The determinative issue under § 507(b) is the requirement that the Bank be provided adequate protection by Debtor. Based on the foregoing law, adequate protection must be provided through a court order. Debtor's proposed treatment of the Bank's claim in his original plan does not constitute adequate protection under § 507(b). The Bank did not seek or receive a court order of adequate protection. It is not entitled to an administrative expense claim under § 507(b).

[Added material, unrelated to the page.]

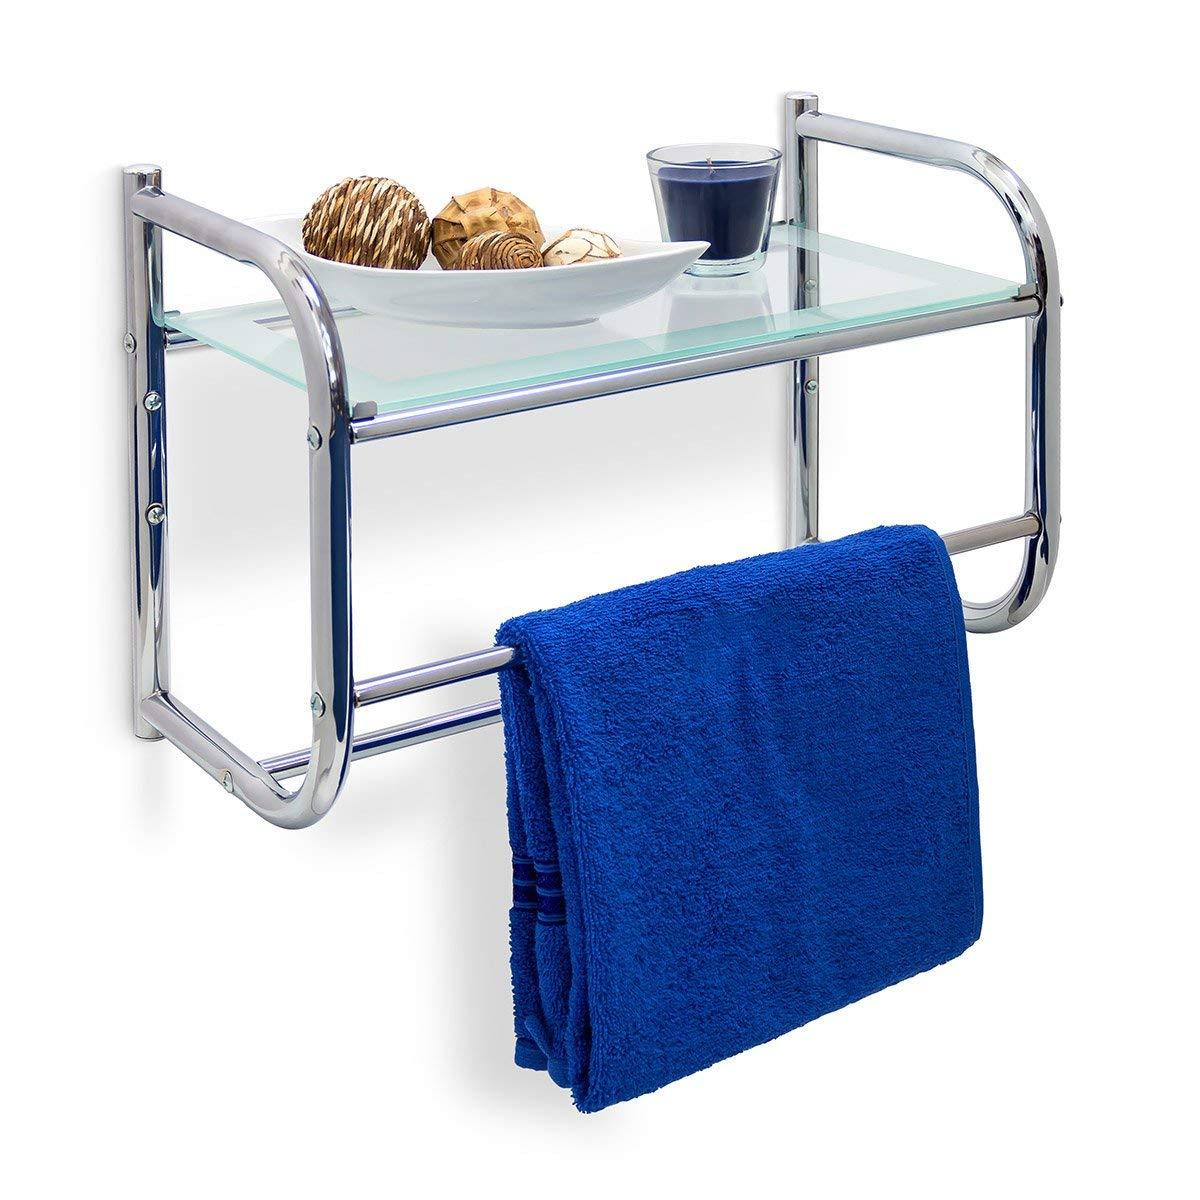 Relaxdays de pared fabricado en acero inoxidable con toallero & Glass-estante de H x

Under § 503(b)(1)(A), the controlling issue is the requirement of a postpetition transaction between the Bank and Debtor, or consideration given by the Bank to Debtor postpetition. It is doubtful that a § 503(b)(1)(A) expense claim is available to a secured creditor such as the Bank for the use of its collateral postpetition. If such a claim is available to the Bank, it must fail because the Bank has not shown a postpetition transaction with Debtor or consideration given. Debtor merely continued using its property, the Bank's collateral machinery and equipment, postpetition according to the parties' prepetition agreements. No additional consideration or transactions occurred postpetition. The Bank is not entitled to an administrative expense claim under § 503(b)(1)(A).
In summary, the Court concludes the Bank is not entitled to an administrative expense claim based on Debtor's use of collateral postpetition. The Bank did not request adequate protection prior to the harvest. Also, it has failed to show it gave consideration to Debtor postpetition. Rather, Debtor was merely using collateral he owned and had the right to use.
WHEREFORE, the Application for Allowance of Administrative Expense Claim by Union Planters Bank is DENIED.
FURTHER, confirmation of the First Amended and Substituted Debtor's Chapter 13 Plan is DENIED.
FURTHER, a confirmation hearing for the Second Amended and Substituted Debtor's Chapter 13 Plan shall be set by separate order. The evidence presented at the March 11, 1999 hearing on the First Amended Plan shall be considered part of the record for the Second Amended Plan and may be further supplemented by the parties at their discretion.
SO ORDERED this 19th day of April, 1999.